Keras强化学习——FlappyBird

github地址：https://github.com/ielcome2017/FlappyBird.git

代码

数据生成

import numpy as np
import sys
import cv2
import random

from play import Game, GameOver

IMAGE_SHAPE = (80, 80)


def convert(img):
    img = cv2.cvtColor(cv2.resize(img, IMAGE_SHAPE), cv2.COLOR_BGR2GRAY)
    ret, img = cv2.threshold(img, 1, 255, cv2.THRESH_BINARY)
    return np.array(img)


class Memory:
    def __init__(self):
        self.time_step = 4
        self.max_length = 50000
        self.head, self.next = self.time_step, 0
        self.memory = np.empty(self.max_length,
                               dtype=[("image", np.float, IMAGE_SHAPE), ("art", np.float, [4])])

    def memory_append(self, image, art):
        self.memory["image"][self.next % self.max_length] = image
        self.memory["art"][self.next % self.max_length] = art
        self.next = self.next + 1
        self.head += 1 if self.next > self.max_length else 0


class GameMemory(Memory):
    def __init__(self, func, count, flag="explore"):
        self.count = count
        self.func = func
        self.flag = flag

        self.explore = 3000000
        self.observer = 10000

        self.image_shape = (80, 80)
        self.pre_step_epoch = 10000
        super().__init__()

    def show(self):
        for _ in self.next_data():
            yield _

    def next_data(self):
        # 参数设置
        epsilon = 0.001 if self.flag in ["explore", "display"] else 0.1
        init_epsilon, final_epsilon = 0.1, 0.001
        action_dim = 2
        # 初始化
        num = 40 if self.flag in ["explore", "train"] else 1
        game = Game(num)    # game为环境

        action = np.array([1, 0])
        image, reward, terminal = game.frame_step(action)

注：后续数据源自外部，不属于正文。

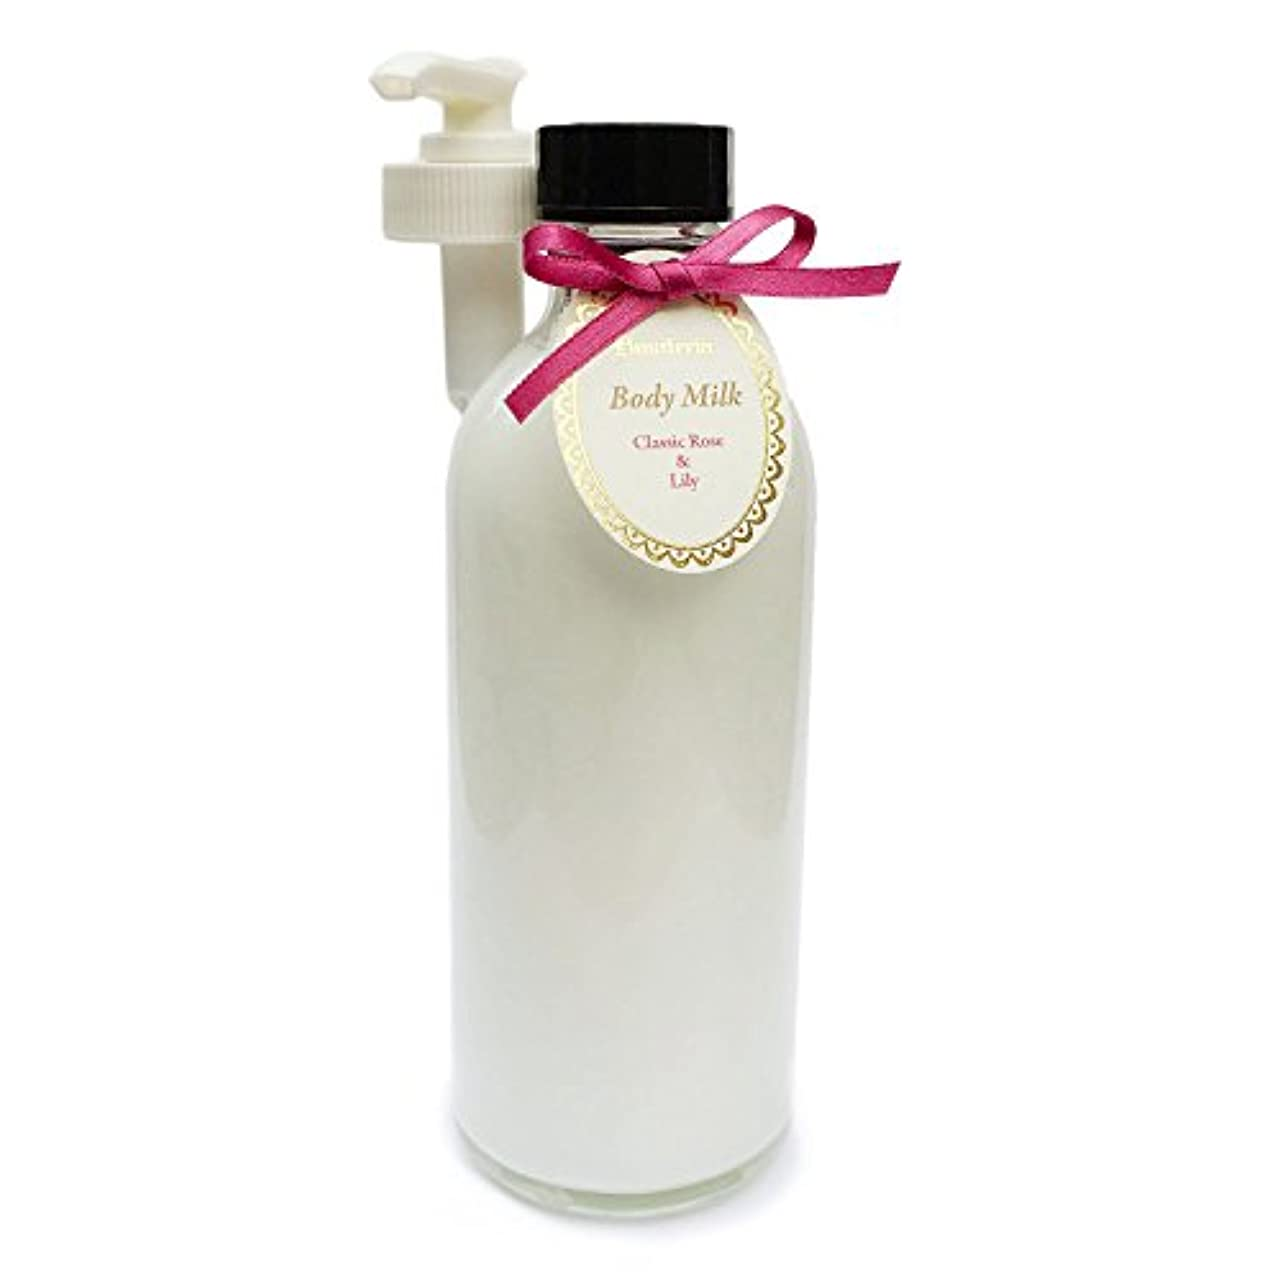 勃起の頭の上慢D materia ボディミルク クラシックローズ&リリー Classic Rose&Lily Body Milk ディーマテリア
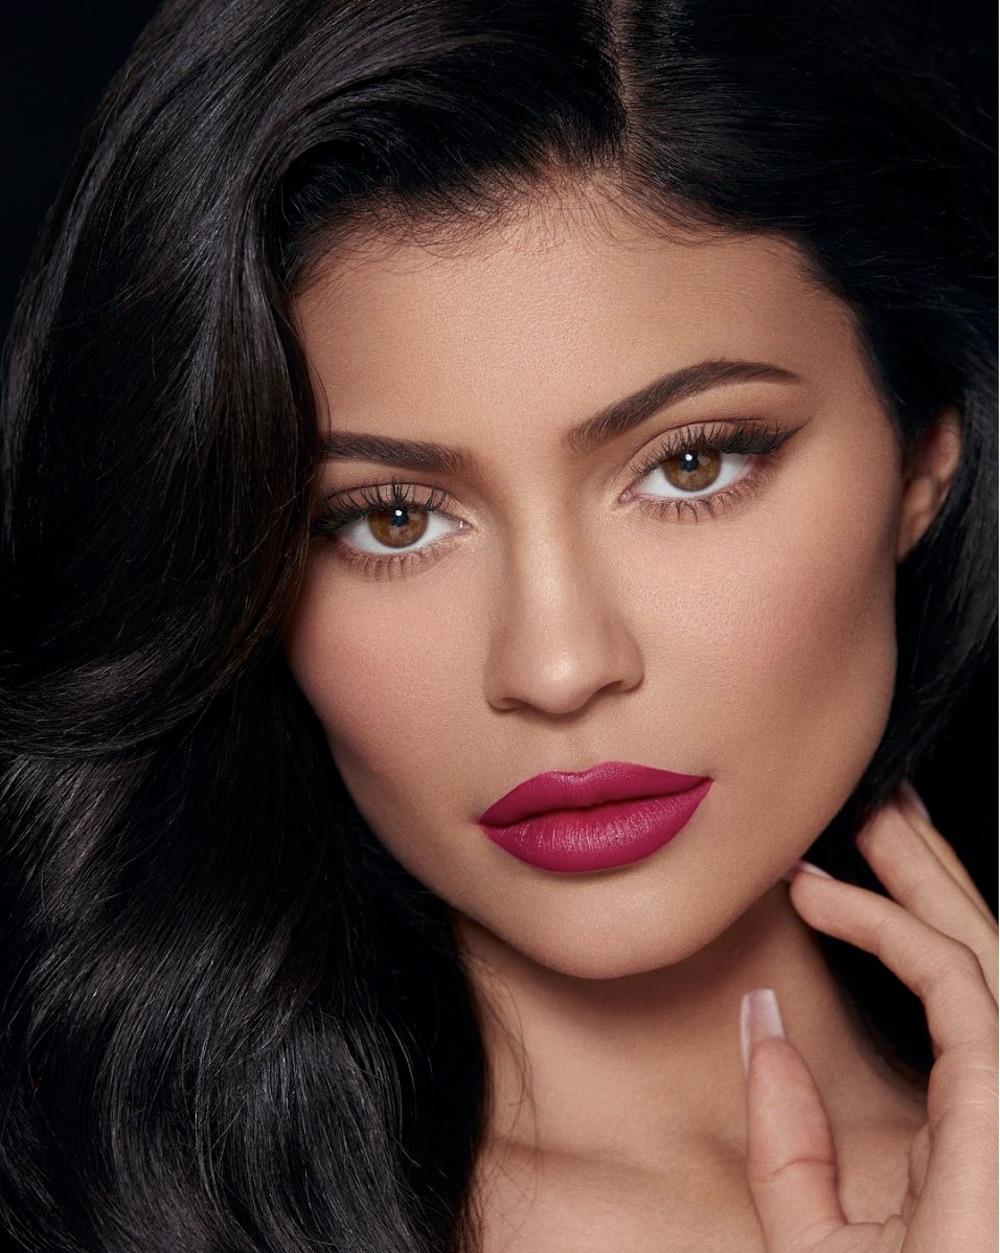 21歳でビリオネアを達成したカイリー・ジェンナー(画像は『Kylie 2019年3月11日付Instagram「Sprinkle Velvet Lip available now on KylieCosmetics.com and in store at @ultabeauty」』のスクリーンショット)

        image = convert(image)
        for _ in range(4):
            self.memory_append(image, [*action, reward, terminal])
        epsilon -= (init_epsilon - final_epsilon) / self.explore * self.count * self.pre_step_epoch
        epsilon = np.clip(epsilon, a_max=init_epsilon, a_min=final_epsilon)

        # 获取当前状态
        count = self.count * self.pre_step_epoch
        try:
            while True:
                # 获取动作
                if random.random() < epsilon:
                    action_ind = np.random.randint(0, action_dim)
                else:
                    idx = (self.next - np.arange(1, self.time_step+1)) % self.max_length
                    state = self.memory["image"][idx]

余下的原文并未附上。